◆ Given information:
+===+

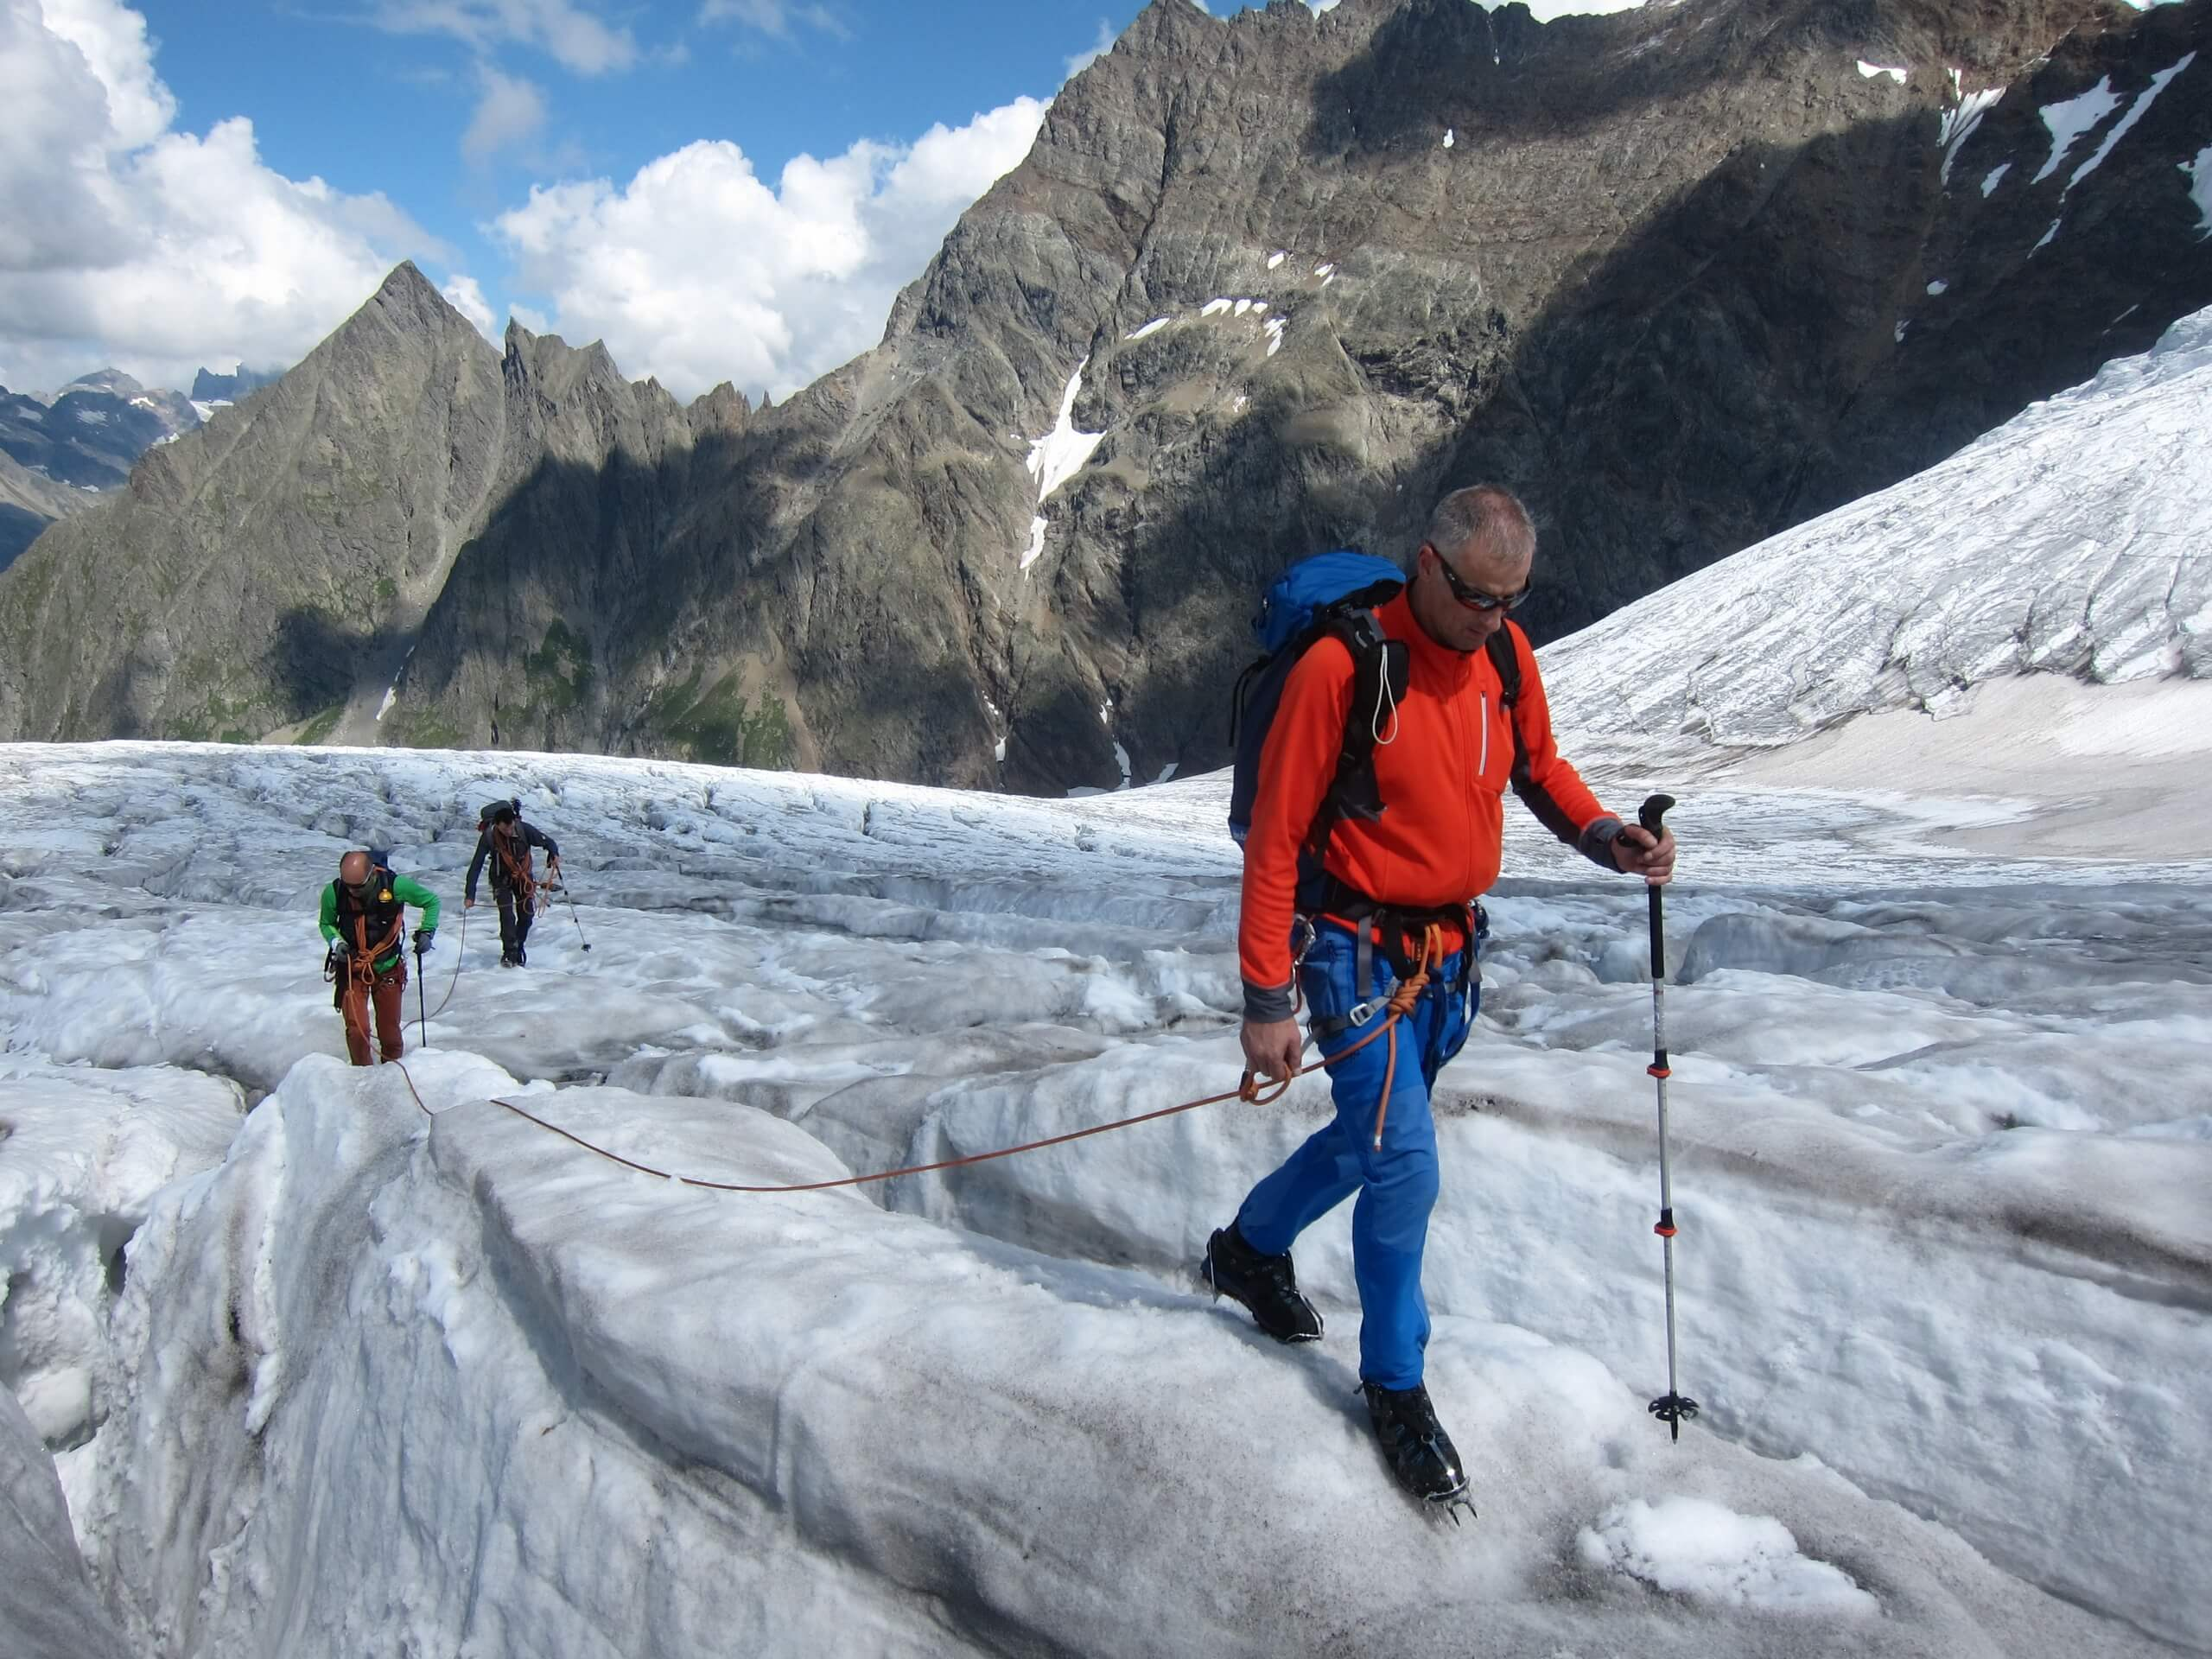 alpinschule-bergfalke-thun-gletschertrekking-winter
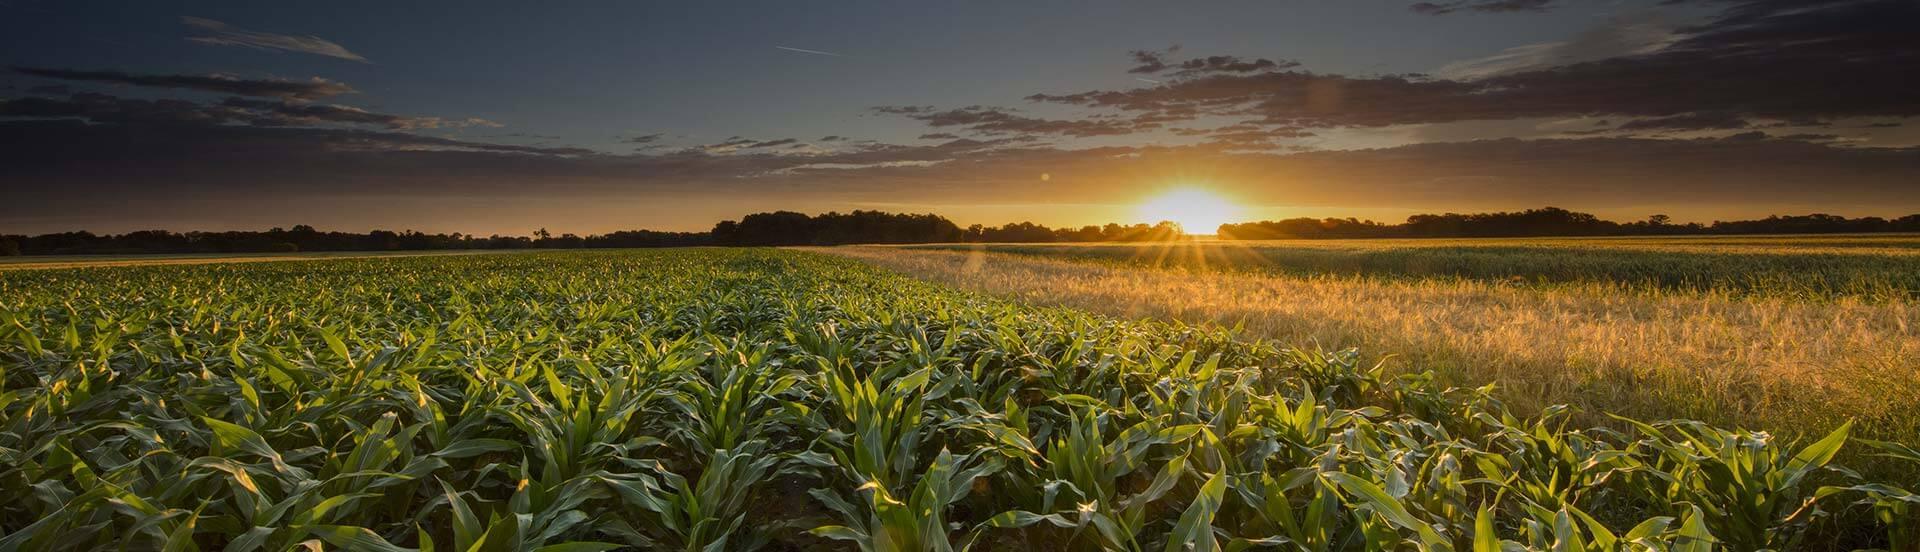 Materiał siewny kukurydza
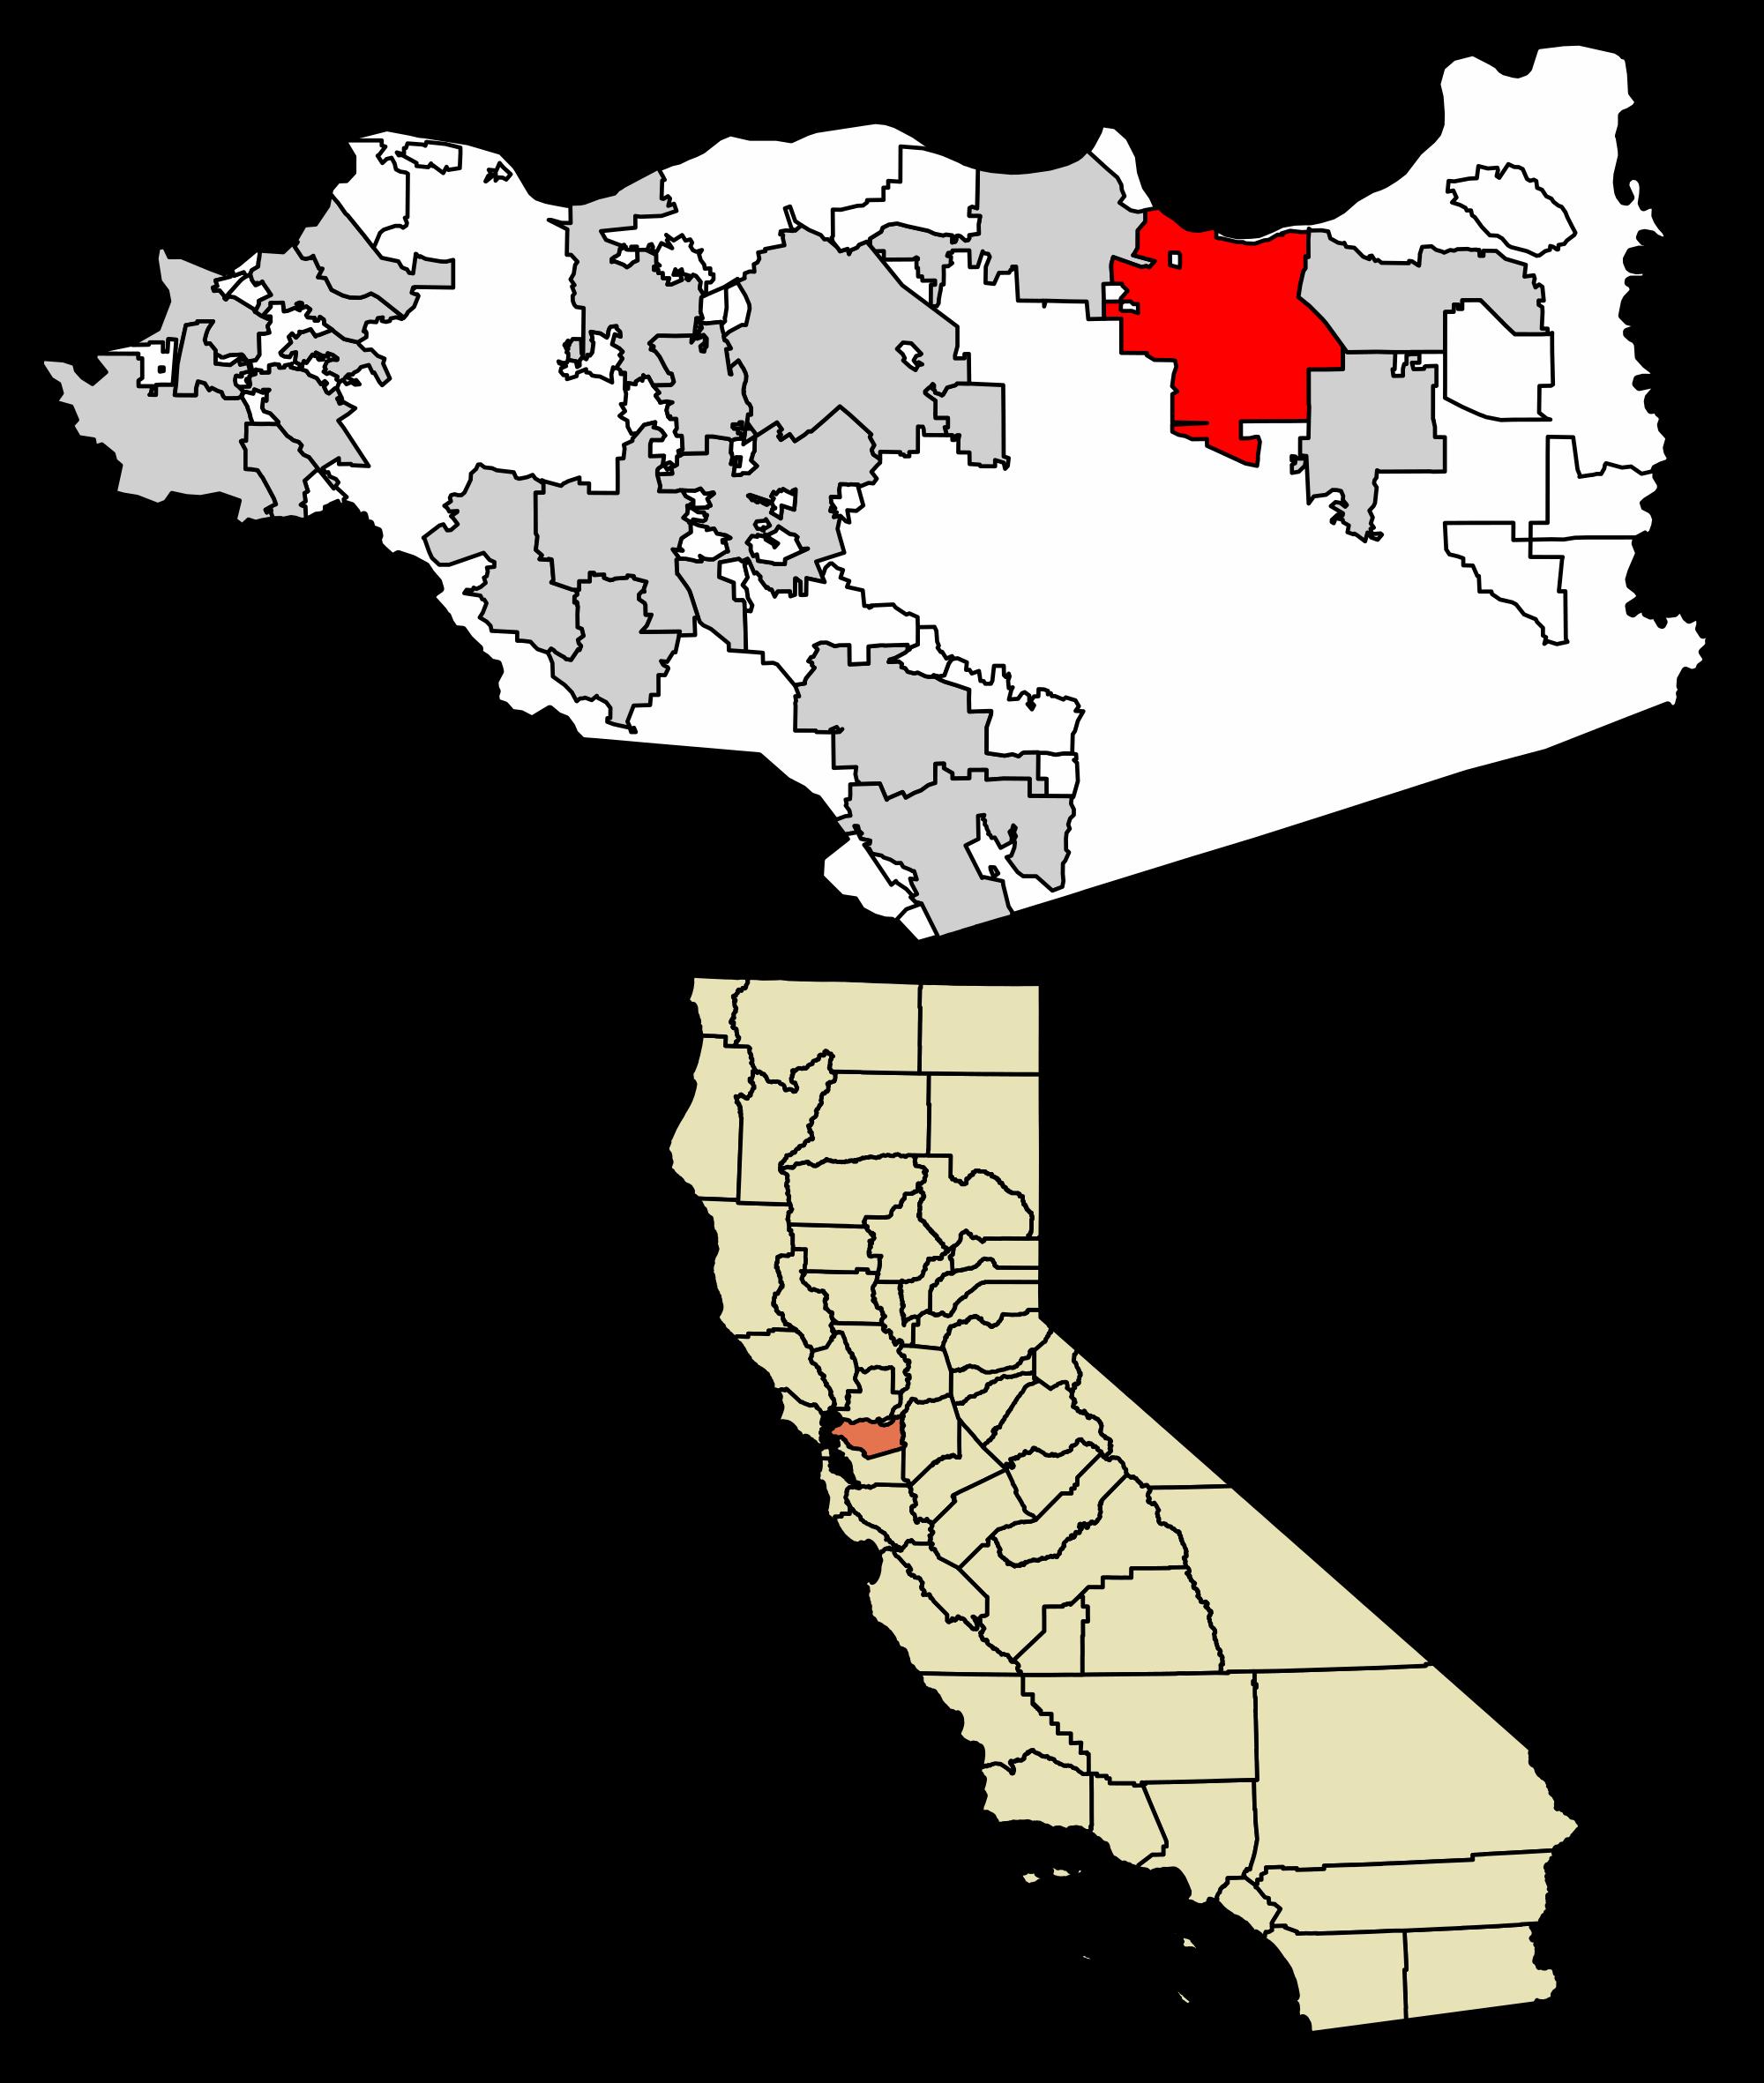 Clipart map delta landform. Antioch california wikipedia location

+===+

In full and without change, repeat the material above, minus the pictures.

◆ Completed exercise:
 alpinschule-bergfalke-thun-gletschertrekking-winter
 Materiał siewny kukurydza
 Clipart map delta landform. Antioch california wikipedia location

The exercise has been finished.